Exercise 2:  AABA form

1. Snare drum:  AABA
A:  dddd dddz
B:  dddz dddz
Other forms common in Western music are
AABB,
ABAC (``Mary had a little lamb'' has this structure),
AABC (``The Star Spangled Banner'' has this structure),
AABBCC,
ABBA (``Twinkle, twinkle, little star'' has this structure).
Exercise 3:  ABAC form
1. Snare drum:  ABAC
C:  dzdz dzzz   (leave A and B as above)
Exercise 4:  nested repeats
Parentheses allow you to repeat combinations of patterns.  To repeat a form such as AABA 4 times, you would write (AABA)4.  The total length of (AABA)4 is 4 times the length of AABA.  In the exercises we've been doing, A and B have length 8 beats, so AABA has length 32 beats and (AABA)4 has length 128 beats.

Leaving patterns A, B, and C alone, try the following structures:

• 1.  Snare drum:  (AABA)4
• 1.  Snare drum:  (AB)3 C   What is the total length of this pattern?
• 1.  Snare drum:  ((AB)3 C)4   What is the total length of this pattern?
Mathematically, compositional structure is a little like algebra:  you have variables (A, B, etc.) that can be assigned values (in this case, patterns).

Adding instruments and rests.  There is one rule to remember:  every instrument must be assigned the same number of beats.  This doesn't mean that each instrument has the same number of rests or hits--just the same total number of beats.  Using the 8-beat patterns A, B, and C, and rests indicated by z (for 8 beats rest, type z8), the following is a legitimate composition:

1.  Low Woodblock:   A  z8 B  z8
2.  High Woodblock:  z8 A  z8 C
Exercise 5:  Try this on abcdrums.

However, the following is not a legitimate composition, because the number of beats in part 1 is 24, but there are 32 beats in part 2.

1.  Low Woodblock:   A  z8 B
2.  High Woodblock:  z8 A  z8 C
This form (i.e. when one instrument ``answers'' another) is called call-and-response.

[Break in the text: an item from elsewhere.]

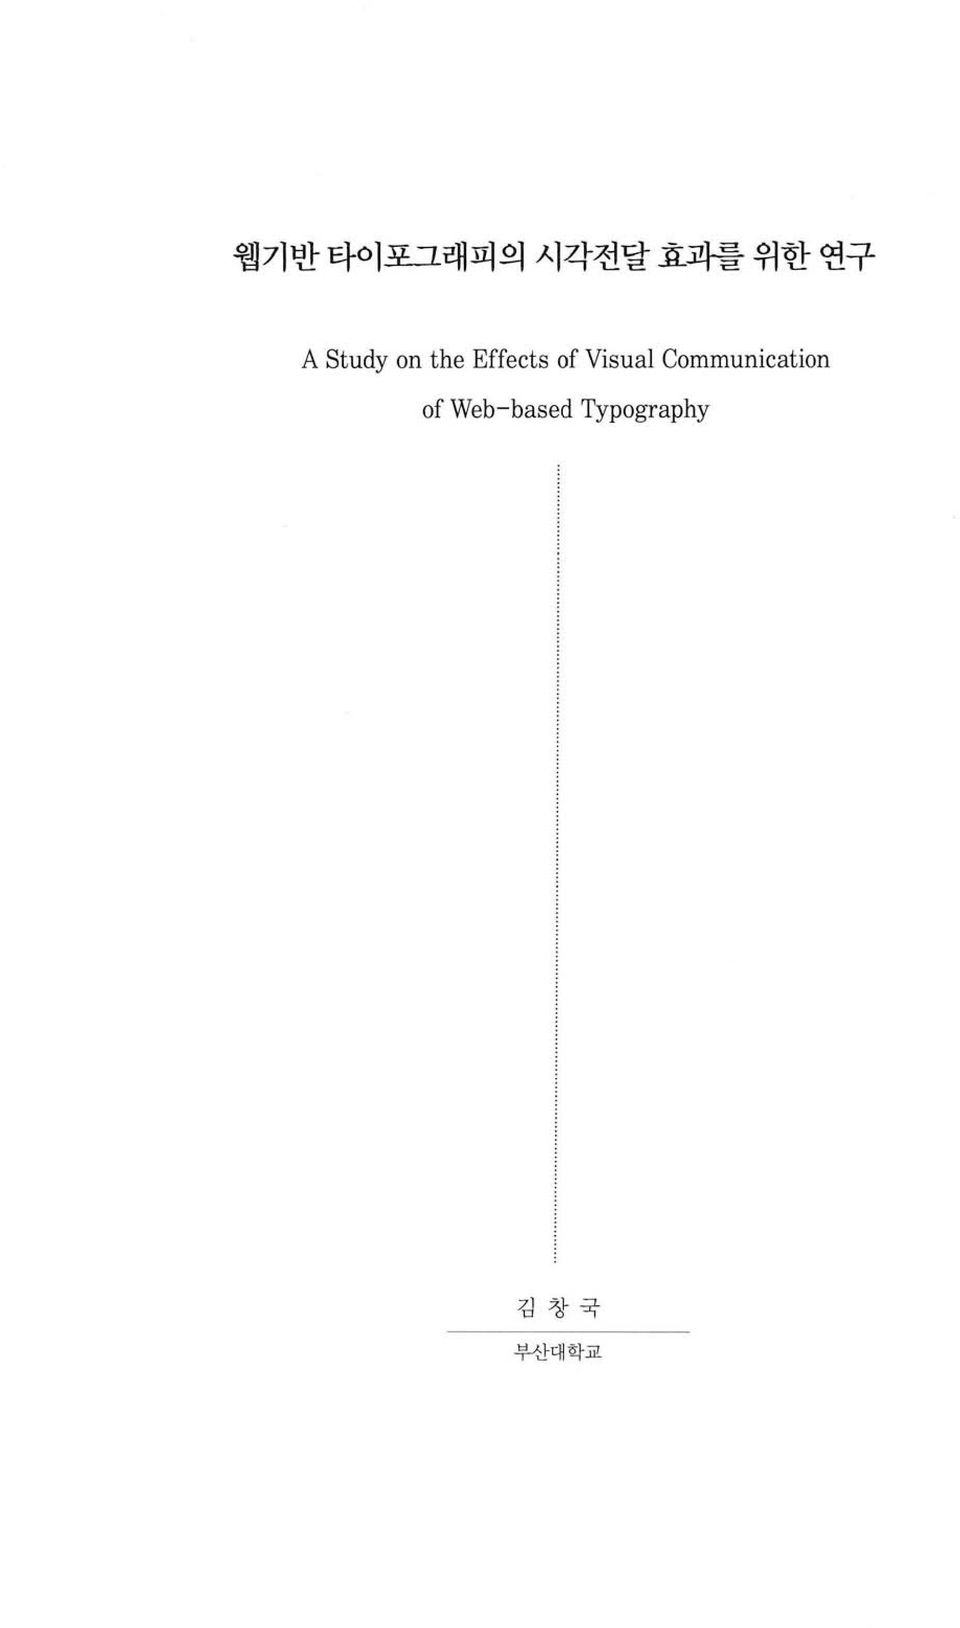 Visual Communication of

Delaying the entry of one instrument.  Sometimes you don't want every instrument to start at once!  To do this, you must assign rests to some instruments at the beginning of the piece:

Exercise 6:  Delayed entry

1.  Low Woodblock:  (A  z8 B  z8)4
2.  High Woodblock: (z8 A  z8 C )4
3.  Bass Drum:      z32  (DDDC)3
4.  High Bongo:     z32  (EEEC)3
Pattern D:  dzzz dzdz
Pattern E:  zddd zdzd
Patterns D and E are called complementary--whenever D has a hit, E has a rest, and vice-versa.